2 is a state diagram showing an operating state of a so-called thin film probe card according to the prior art.

Figure 3 is a cross-sectional view showing a fine probe and a probe card according to the prior art.

Figure 4a is a cross-sectional view showing a probe according to an embodiment of the present invention

Figure 4b is a plan view showing a probe according to an embodiment of the present invention

4C is a cross-sectional view taken along the line a-a 'of FIG. 4B.

Figure 4d is a state diagram showing the operating state of the probe according to an embodiment of the present invention.

Figure 5a is a cross-sectional view showing a probe according to another embodiment of the present invention

Figure 5b is a plan view showing a probe according to another embodiment of the present invention

5C is a cross-sectional view taken along the line b-b 'of FIG. 5B.

Figure 5d is a state diagram showing the operating state of the probe according to another embodiment of the present invention.

6A-6G are process diagrams in which a probe is prepared by the method of the present invention.

<Details of Drawing>

11: tungsten needle

12: Tungsten Needle Jig

13: contact portion of tungsten needle

14: other end of tungsten needle

15: Tungsten Needle Support

16: circuit board of the probe card

17 wafer defined semiconductor integrated circuit

18: pad of semiconductor integrated circuit device

19: stage of probe equipment

21: support plate

22: support membrane

23: elastomer layer

24: conductive bumper

25: Final connection

26: pad of semiconductor integrated circuit device

27: wafer in which semiconductor integrated circuit is defined

28: stage of probe equipment

31: fine probe

32: glass substrate

33: auxiliary circuit board

34: buffer pad

35: main circuit board

36: wire

41: probe

42: connection between the probe and the probe board

43: probe substrate

44: contact portion of the probe

45: insulation film

46: probe pad

47: conductive metal or alloy

48: semiconductor integrated circuit

49: pad of semiconductor integrated circuit

51: probe

52: connection between the probe and the probe board

53: probe substrate

54: contact portion of the probe

55: through groove

56: insulation film

57: probe pad

58: conductive metal or alloy

59: semiconductor integrated circuit

60: pad of semiconductor integrated circuit

61: Silicon Wafer

62: protective film for silicon etching

63: Probe outline model unit

64: residual silicon film

65 contact of probe

66: surface insulation film

67: probe pad

68: probe contact

69: conductive metal or alloy

70: probe card PCB

71: Probe Card PCB Pads

72: solder ball

In order to achieve the above technical problem, preferred embodiments of the probe, probe manufacturing method and probe card according to the present invention will be described as follows.
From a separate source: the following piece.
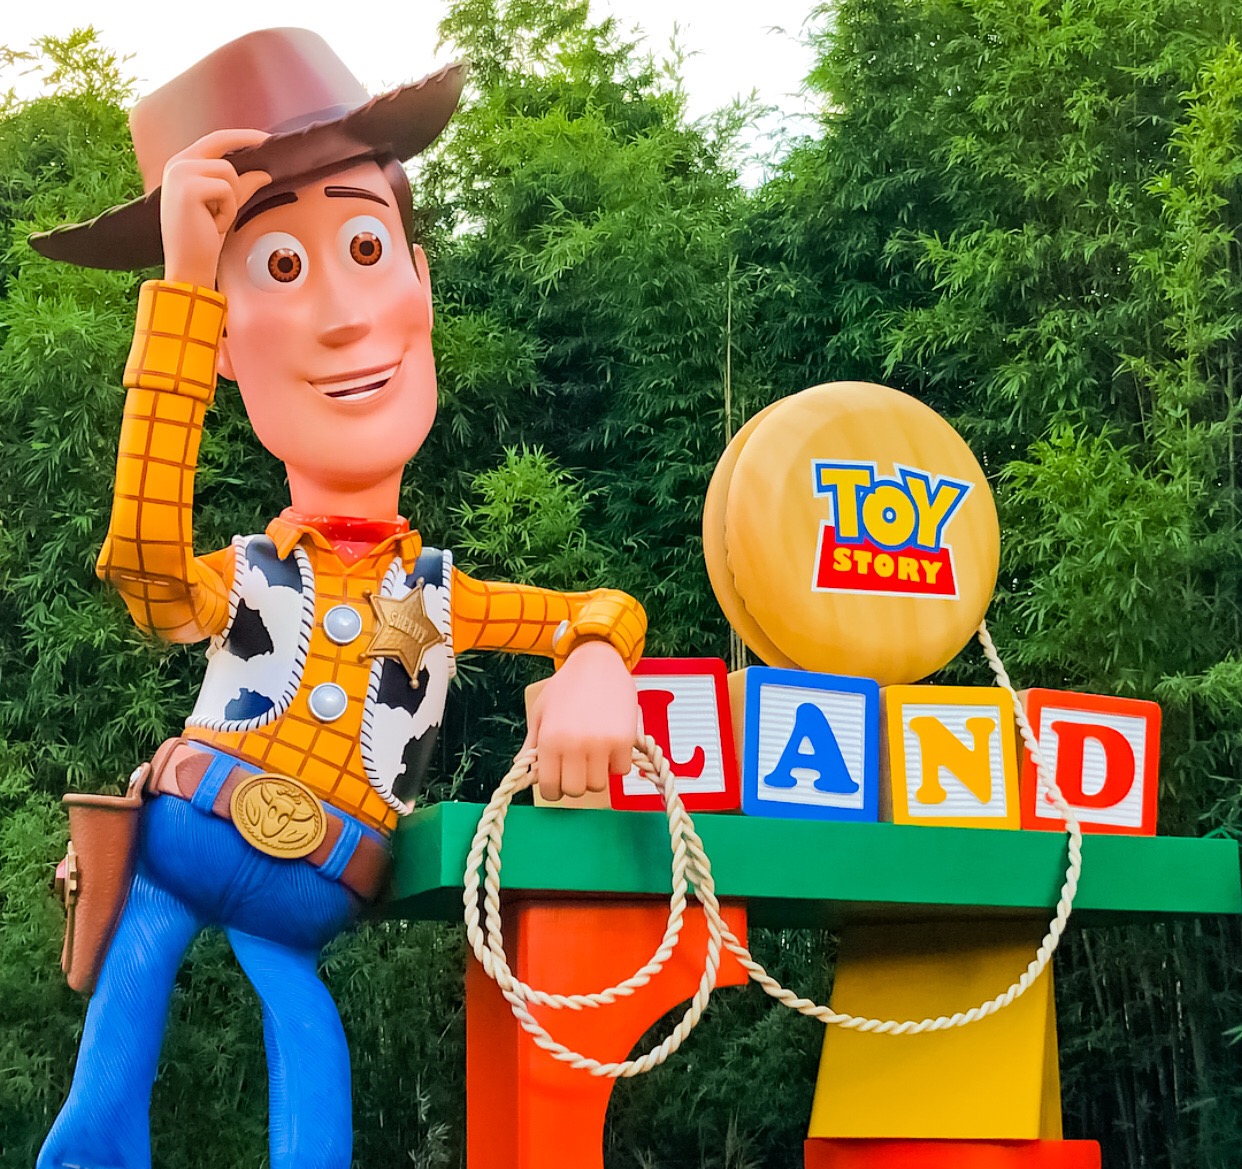 Guide to Disney World’s Toy Story Land at Hollywood Studios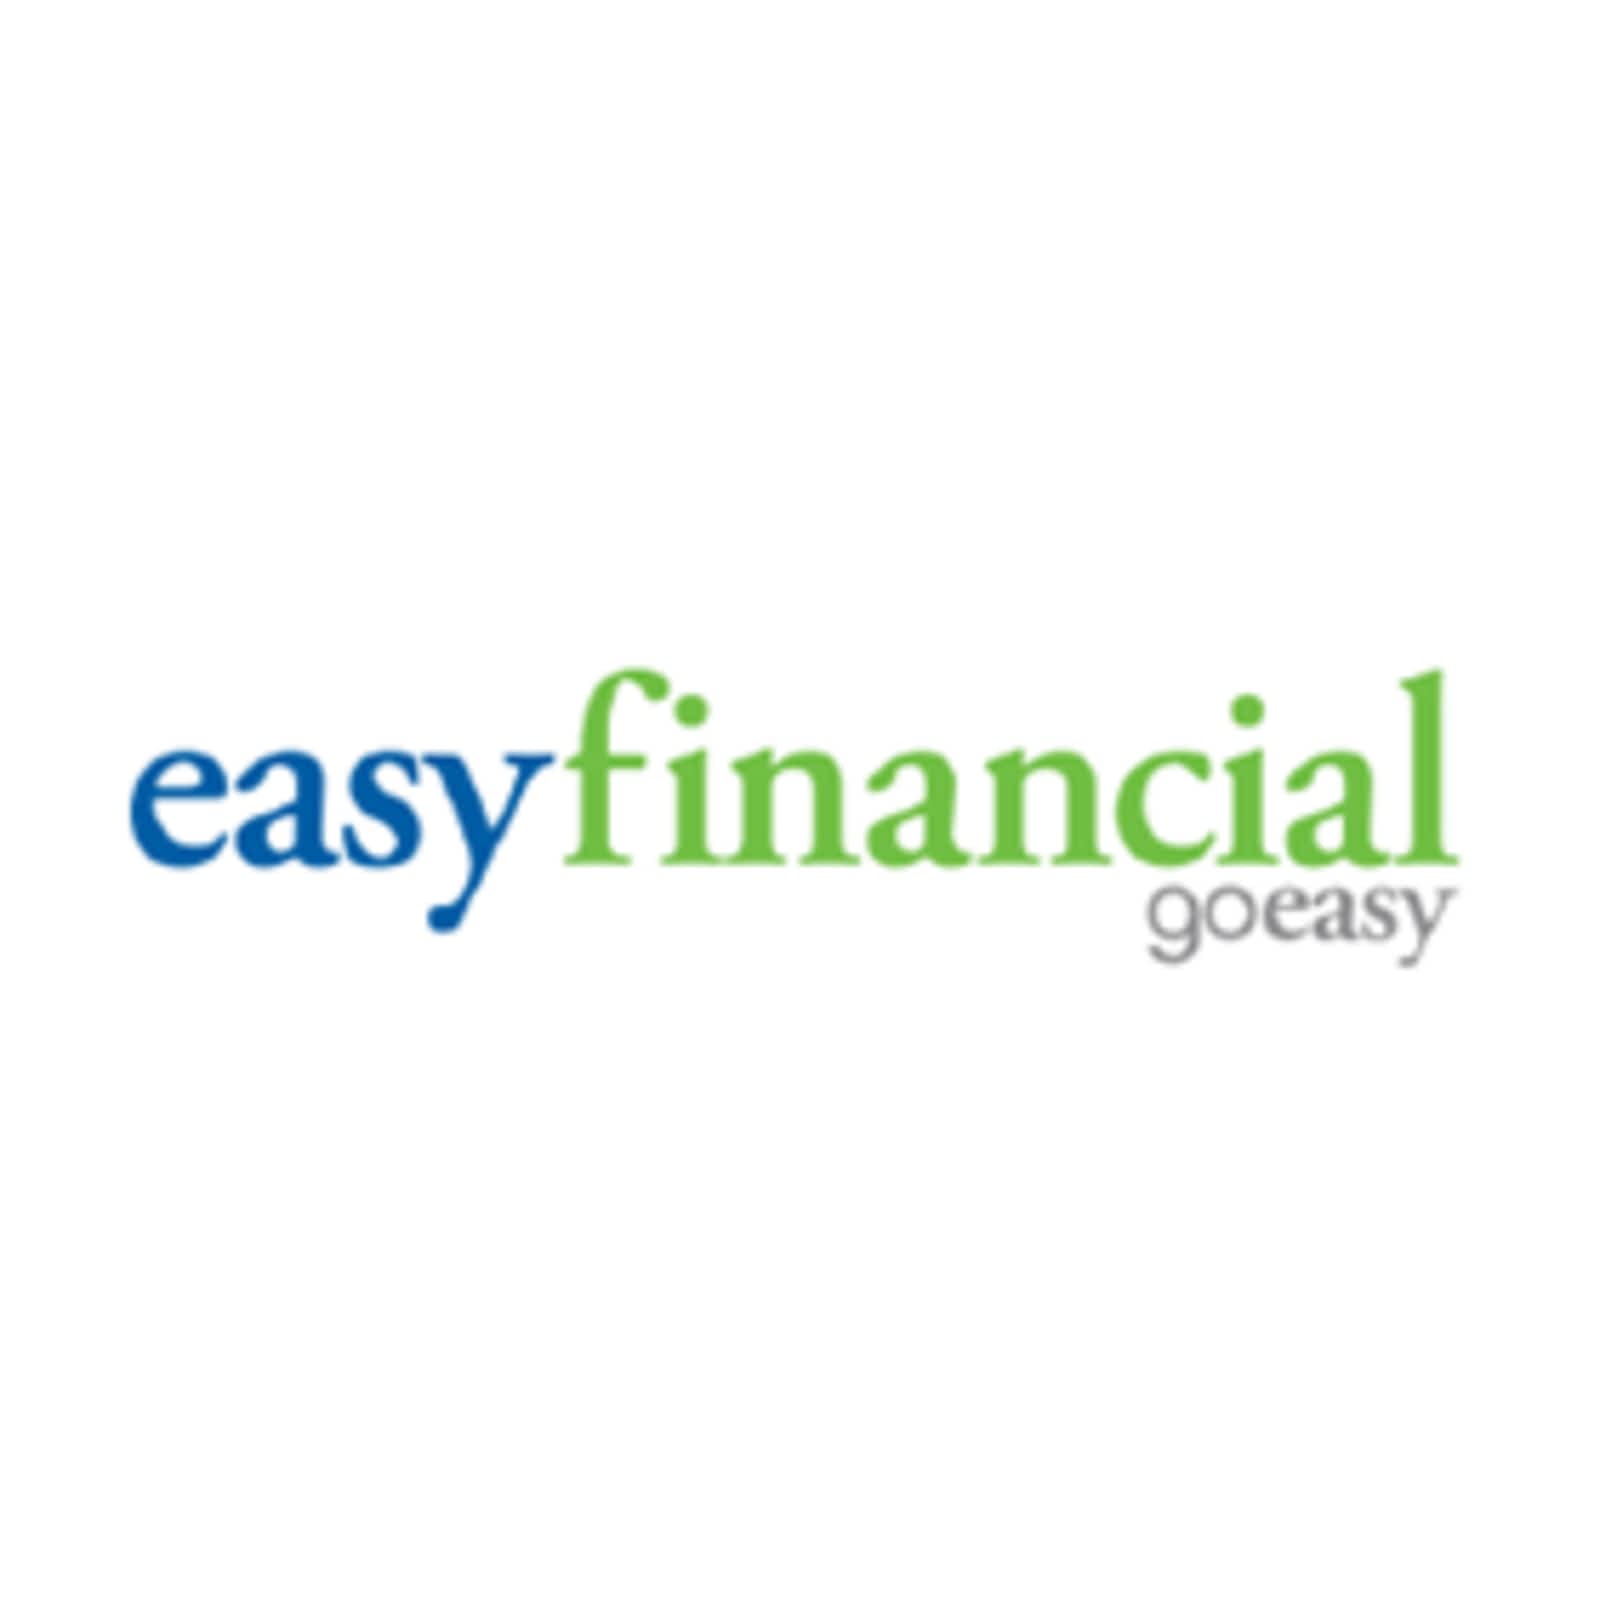 easyfinancial Services 4746 Lakelse Ave, Terrace British Columbia V8G 1R6

As a first embodiment, Figure 4a is a cross-sectional view showing a probe according to the present invention, Figure 4b is a plan view showing a probe of the present invention, Figure 4c is a cross-sectional view showing a cut section of the portion a-a 'of Figure 4b. As shown in these figures above, the probe 41 is formed by selectively etching a portion of a single crystal or polycrystalline silicon wafer, and the probes are formed of a peripheral probe substrate (except for one or more connections 42). It has a shape separate from 43 and the contact portion 44 is formed to protrude more than the other peripheral portions. Both of these probes and probe substrates are formed with an insulating film 45 on its surface. It also includes a portion of the bottom of the probe including protruding contacts and a probe pad 46 formed on the top of the probe and the top of the probe substrate to connect with an external printed circuit board (not shown). The plating is connected to the contact portion and the connection pad is electrically conductive.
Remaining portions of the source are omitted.